Linguistic Diversity On Africa: Clustering Methods Application On Language Typology Data

Journal Title
Journal ISSN
Volume Title

One of the main goals in language research is to understand the distribution of linguistic diversity and its underlying principles. Linguistic typology allows us to characterize diverse languages in terms of their linguistic features, which can be used to create a relatively comprehensive description of any language. An important theoretical issue concerning linguistic diversity is whether it should be considered stochastic (randomly determined) or deterministic (based on a set of principles governing it). The latter may depend on a set of constraints imposed from inside or outside the linguistic system, i.e., language faculty in the narrow sense or the “interfaces” – aspects of perceptual, motor, and general cognition systems. The debate on the nature of language variation has not been settled. Africa, having the longest history of human settlement of any continent and hypothesized to be the place of origin of the Homo Sapiens, has the deepest genealogical relations between languages that are yet to be comprehensively and systematically described.

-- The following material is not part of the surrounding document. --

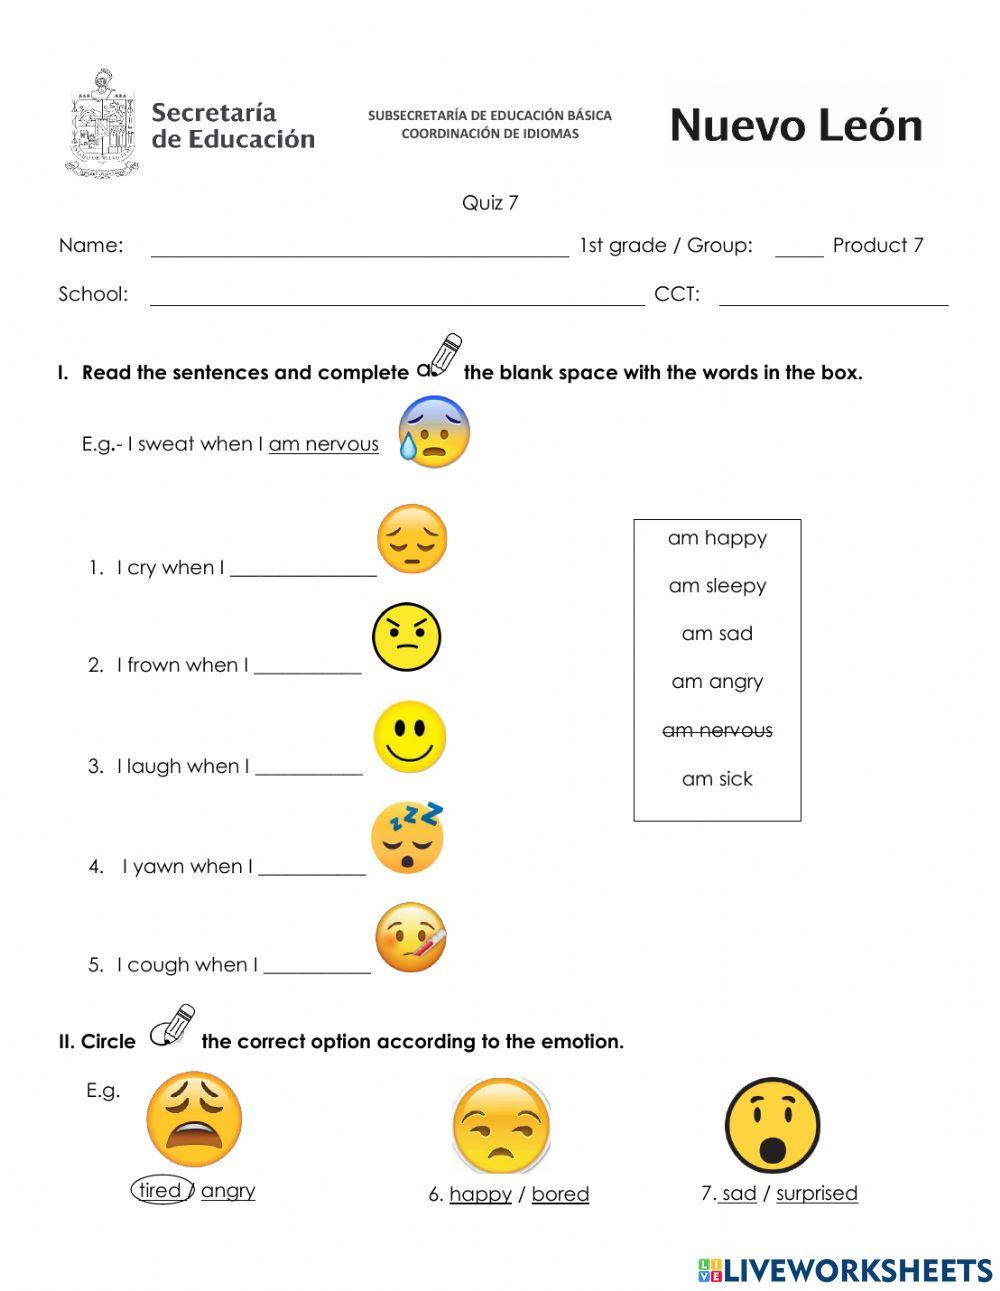 March Quiz - 1st Grade - Emotions

By using a sample of the language typology data available in the World Atlas of Language Structures (WALS) and in the repository of crosslinguistic phonological inventory data (PHOIBLE 2) for languages of the African continent, we seek to address the following research objective: to investigate whether the typological diversity of languages in Africa can be characterized by clustering along two important structural divides: synthetic – analytic and tonal – non-tonal. Several methods, including latent class analysis and CFA models, hierarchical clustering, k-means family algorithms and CART modes, using feature networks focusing on relevant language domains were constructed to classify the data according to these structural divides. Those classification patterns can be further linked to several possible future interface hypotheses, leading to better understanding of human language.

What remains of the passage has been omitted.